I have an image file which Python reads and converts that to hexadecimal. The problem here is, even if I give an empty blank image its giving hexadecimal numbers as output. I need Python to process only the alphabets in the image and covert them to hexadecimal and give that as output.

Here is the program which I tired

import binascii

filename = 'a.png'
with open(filename, 'rb') as f:
    content = f.read()

print(binascii.hexlify(content))
m00am
  • 5,910
  • 11
  • 53
  • 69
Fz Arjun
  • 3
  • 3
  • 2
    Your program will give you hex codes of the image file. If you see an image file that is 100000 bytes in size, you will get 200000 hexadecimal digits (two per byte). It has nothing to do with what is shown on the image. The only way you would get no output is if the file was empty (0-length), and such a file cannot be said to be an image file.
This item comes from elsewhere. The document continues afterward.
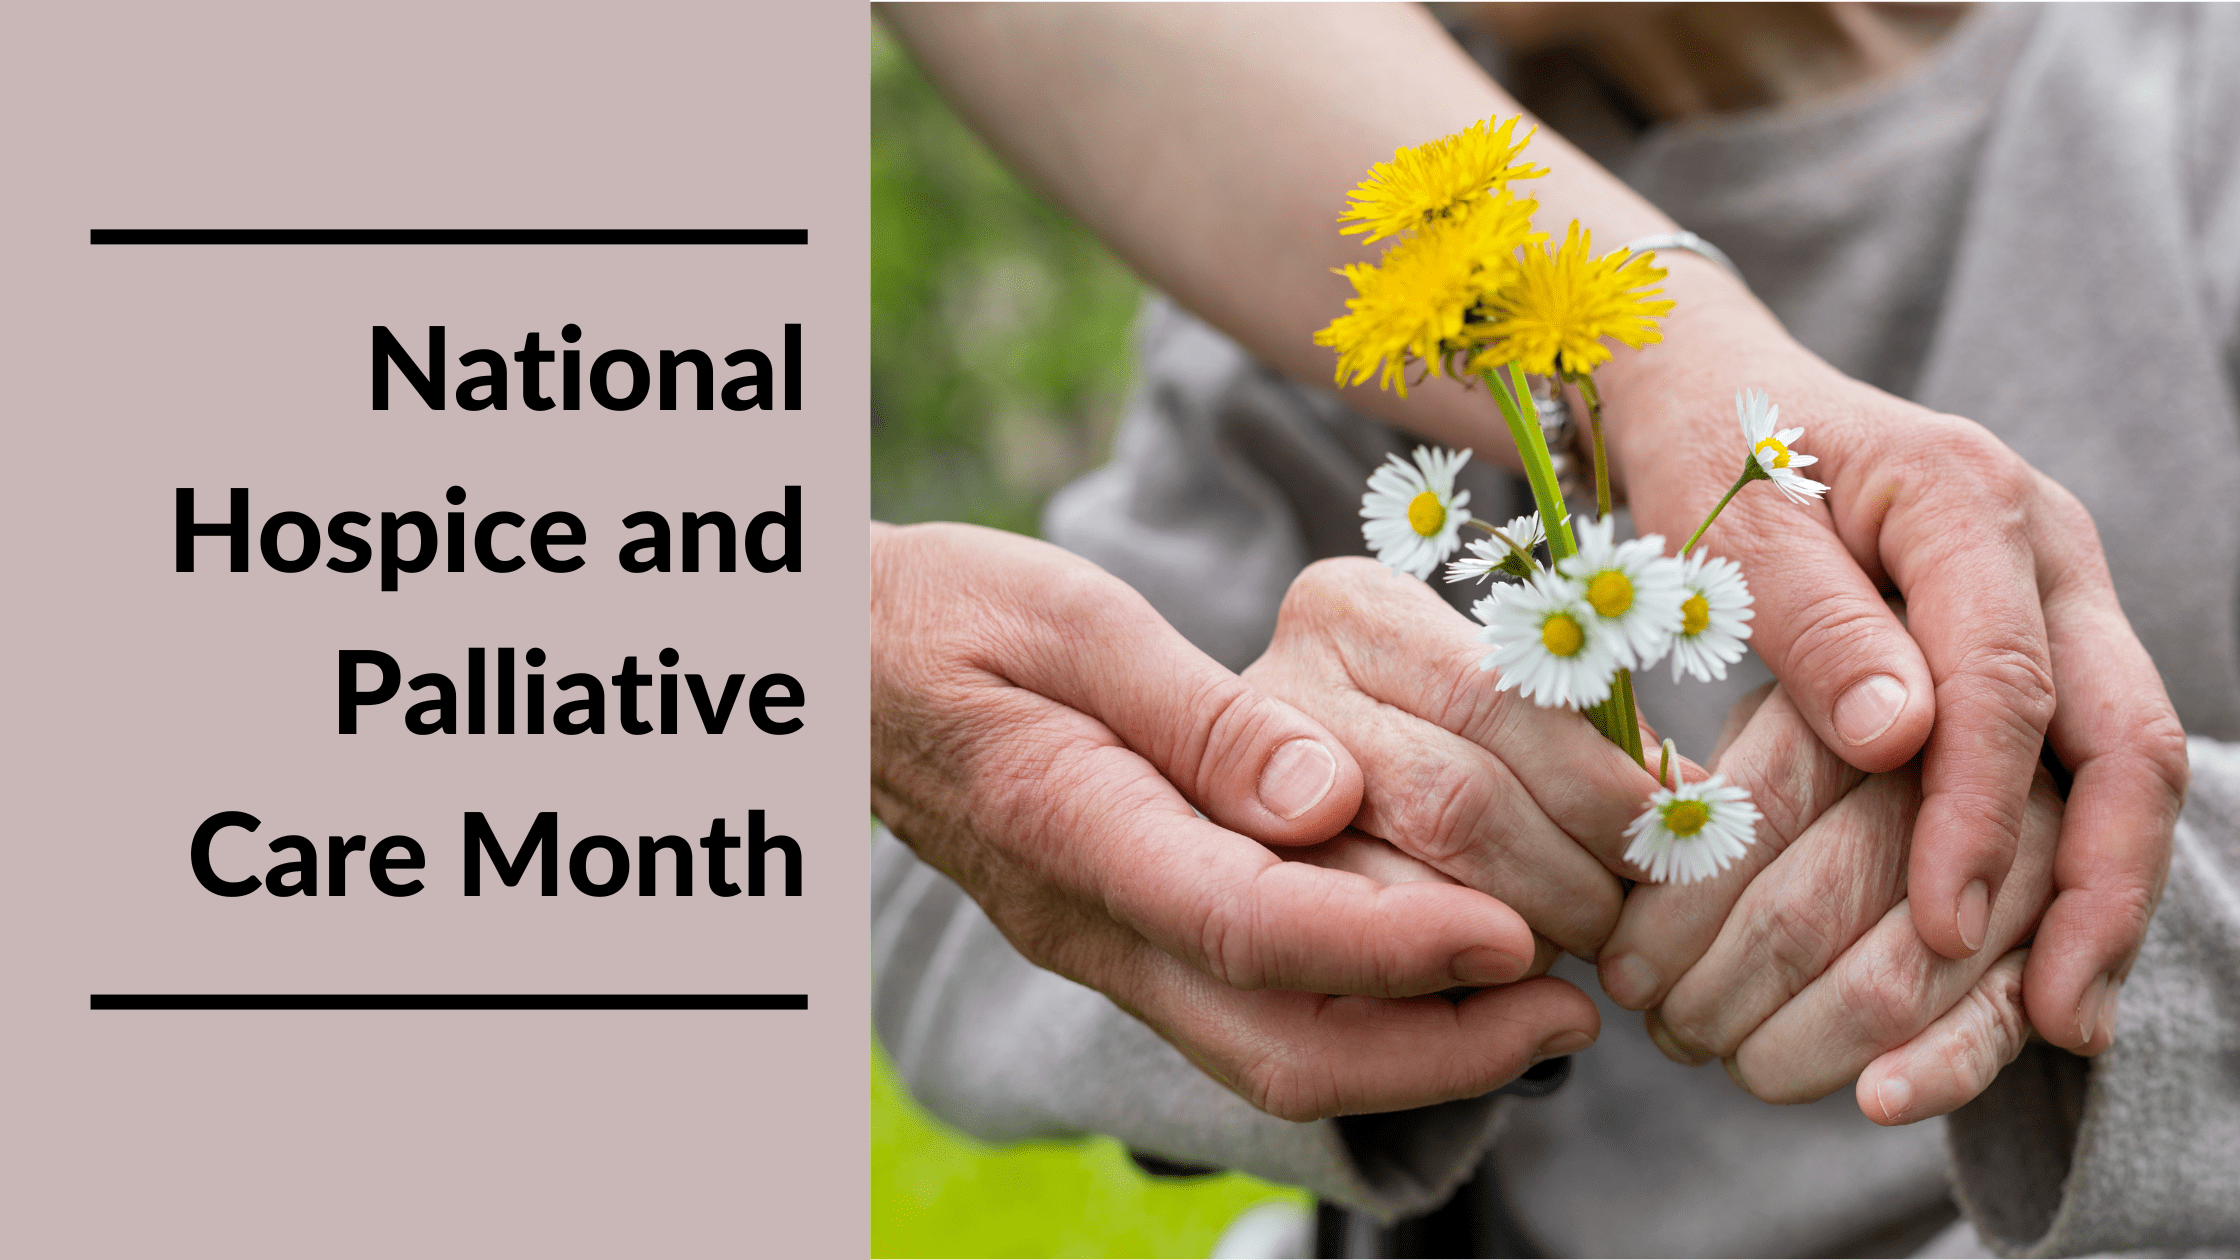 National Hospice and Palliative Care Month Featured Image

On the other hand if you want to _read_ the letters shown on the image, you need to use an OCR library (or code up an OCR from a machine learning library), and `binascii.hexlify` is an entirely wrong tool for the job. – Amadan Aug 13 '18 at 10:54

1 Answers1

2

This is OCR(Optical Character Recognition) problem, which is discussed several times in stack history.

Pytesserect do this in ease.

Usage:

import pytesserect
from PIL import Image

# Get text in the image
text = pytesseract.image_to_string(Image.open(filename))

# Convert string into hexadecimal
hex_text = text.encode("hex")